The franchise rarely competes for pricey, accomplished players, but their current high-earner, designated hitter Travis Hafner, will come off the books after the season.
The Indians would boast a great middle infield with Phillips alongside shortstop Asdrubal Cabrera.
He would also be an important addition to a batting order of inconsistent and oft-injured individuals.
High-ceiling infielders Lonnie Chisenhall and Jason Kipnis might be Walt Jocketty's choices as future starters in place of Scott Rolen and Phillips, respectively.

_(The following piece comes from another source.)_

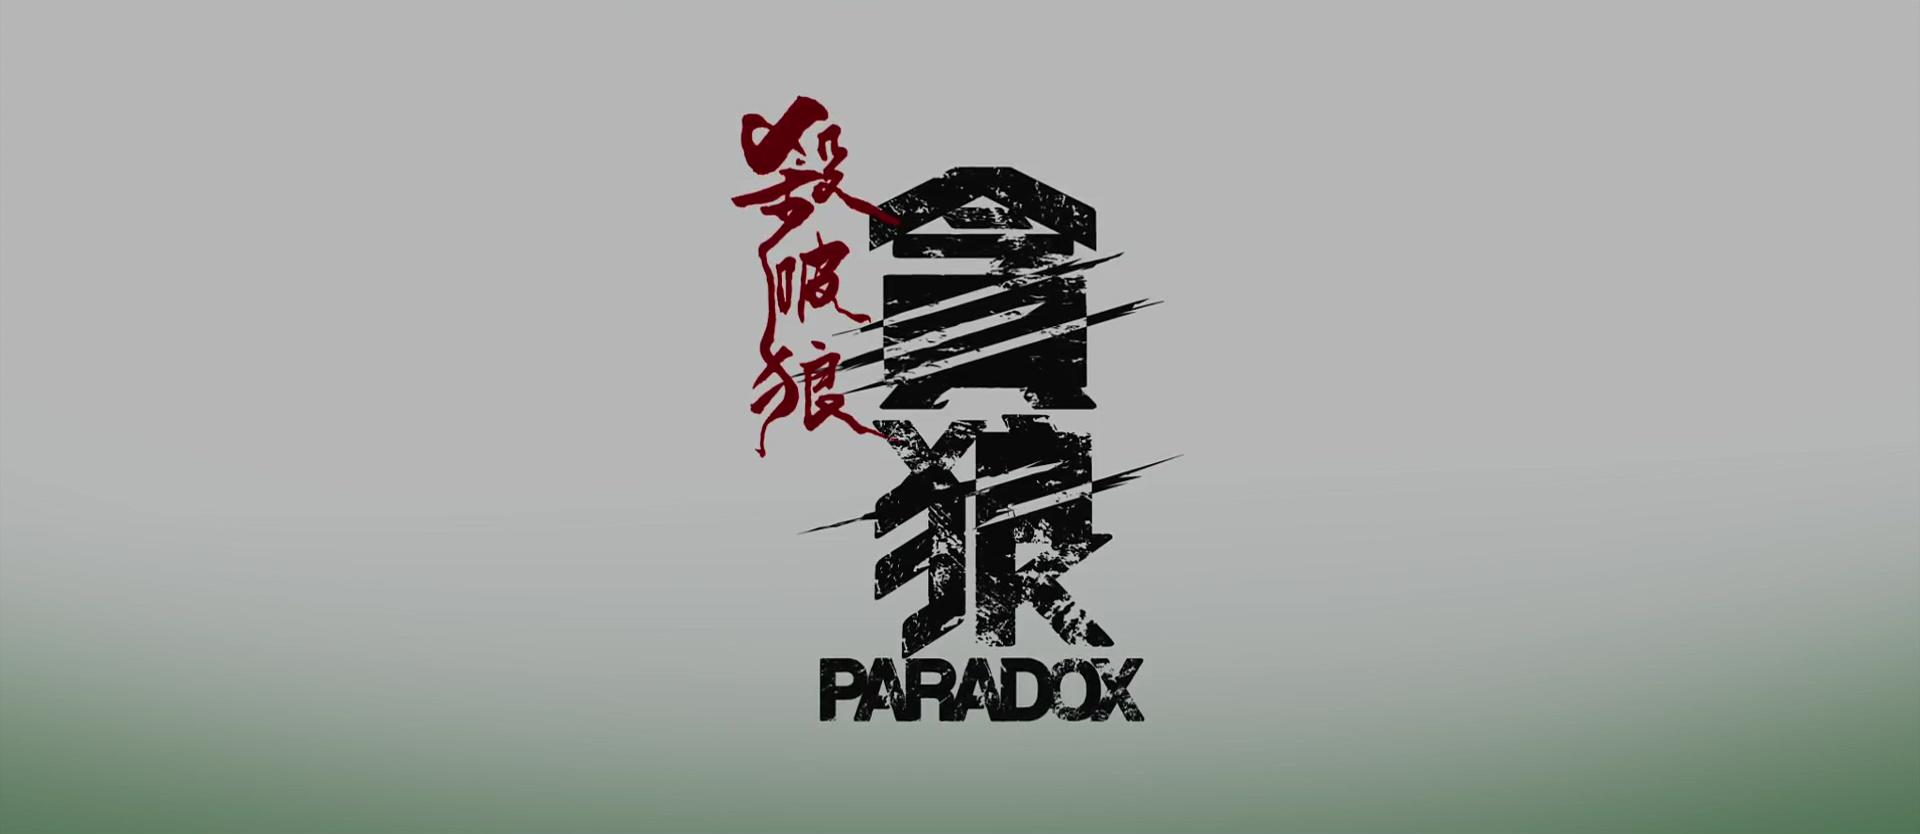 PARADOX (殺破狼・貪狼) de Wilson Yip (2017)

That would be nothing for Cleveland to complain about.
Tampa Bay Rays
This article began with a rental scenario and it's going to end with one.
The Tampa Bay Rays won't be able to sign Brandon Phillips to a competitive extension beyond 2012.
Which Rays would the Cincinnati Reds be interested in acquiring?
An intriguing name in these negotiations—if they were to take place—would be Ben Zobrist.
He can be retained at a team-friendly price through 2015 and he has defensive versatility beyond second base.
Another package that would be even more economical could feature starting pitcher Alex Cobb and highly-touted prospect Hak-Ju Lee.
If the Rays are truly hungry to return to the World Series, they will face a tough midseason decision.